Note that the bundle posture changing means 64 is configured to
change the posture of the sheet bundle by gripping insertion image
areas when gripping the sheet bundle with folded sheets inserted
therein. This is to prevent the folded sheets from falling.
Trimming Means Configuration
Trimming means 65 are provided downstream of the bundle posture
changing means 64. As shown in FIG. 7, the trimming means 65 is
composed of trimming edge pressing member 65b that pressingly
supports the trimming edge of the sheet bundle to a blade-edge
bearing member 65a and a trimming blade unit 65c. The trimming edge
pressing member 65b is disposed in a position that opposes the
blade-edge bearing member 65a disposed in the bookbinding path 33,
and is composed of a pressing member that moves in an orthogonal
direction to the sheet bundle by drive means, not shown. The
trimming blade unit 65c is composed of a flat, blade-shaped
trimming blade 65x and a cutter motor MC that drives that blade.

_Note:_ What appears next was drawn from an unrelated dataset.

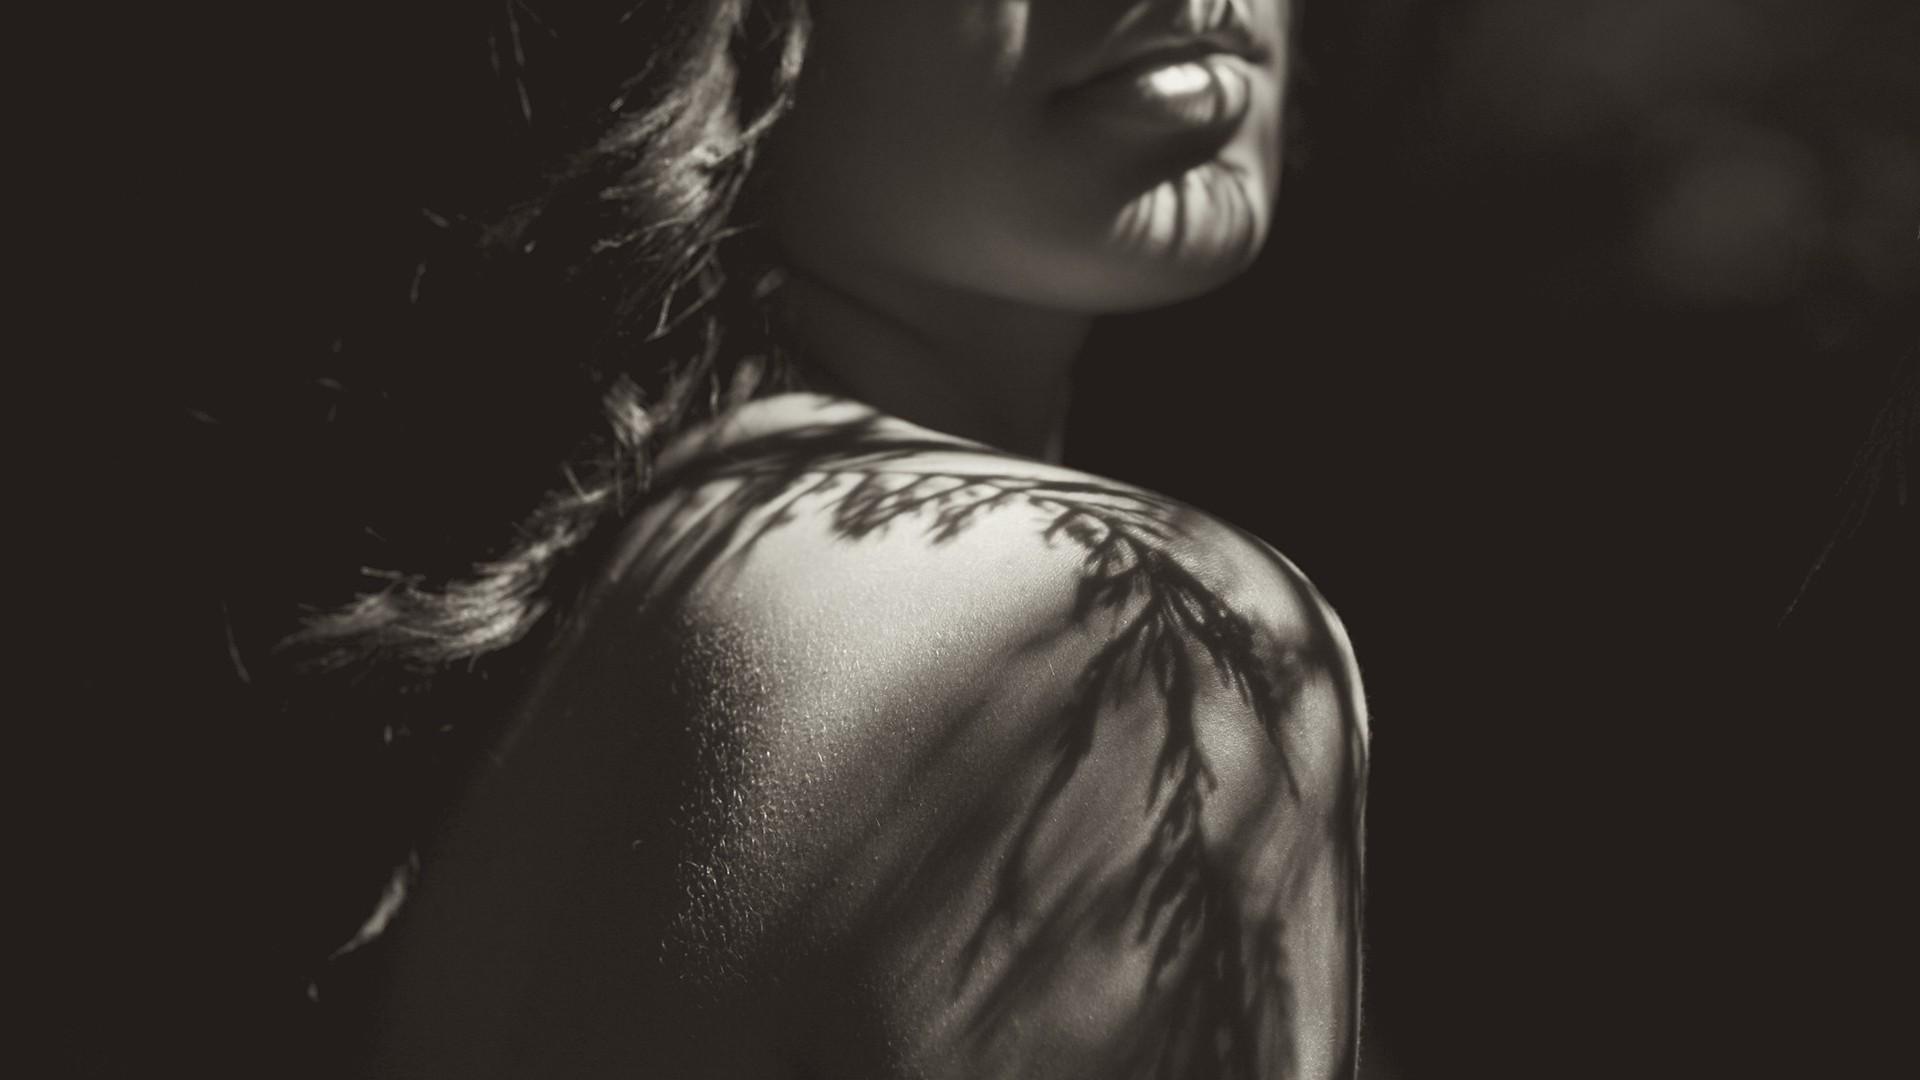 Girl Face Wallpaper 5k Women Monochrome Shadow Bare Shoulders Brunette Face

The trimming means 65 with this configuration cuts a predetermined
amount around the edges, excluding the spine of the sheet bundle
that has been made into a booklet (hereinafter referred to booklet
sheets), to align the edges.
In the trimming to align the booklet sheets, the head portion of
the booklet sheets is cut with the trimming amount Lc1, as shown in
FIGS. 5C and 5(d), then the rotating table 64b is turned 180
degrees to cut the tail portion of the booklet sheets with the
trimming amount Lc2. These trimming amounts Lc1, Lc2, are
calculated by Lc1=Lc2 [[(inner sheet size)-(finished size)]/2], for
example. Next, the rotating tables 64a, 64b are rotated 90 degrees
to cut the fore-edge portion with the trimming amount Lc3. The
trimming amount Lc3 is calculated by Lc3=(inner sheet
size)-(finished size), for example.
On the other hand the cover sheet trimming amount is calculated in
the same way as described above. The trimming amount Ld3 of the
foe-edge portion of the cover sheet is calculated by Ld3=[[(inner
sheet size)-(bundle thickness)]/2-(finished size)], for example.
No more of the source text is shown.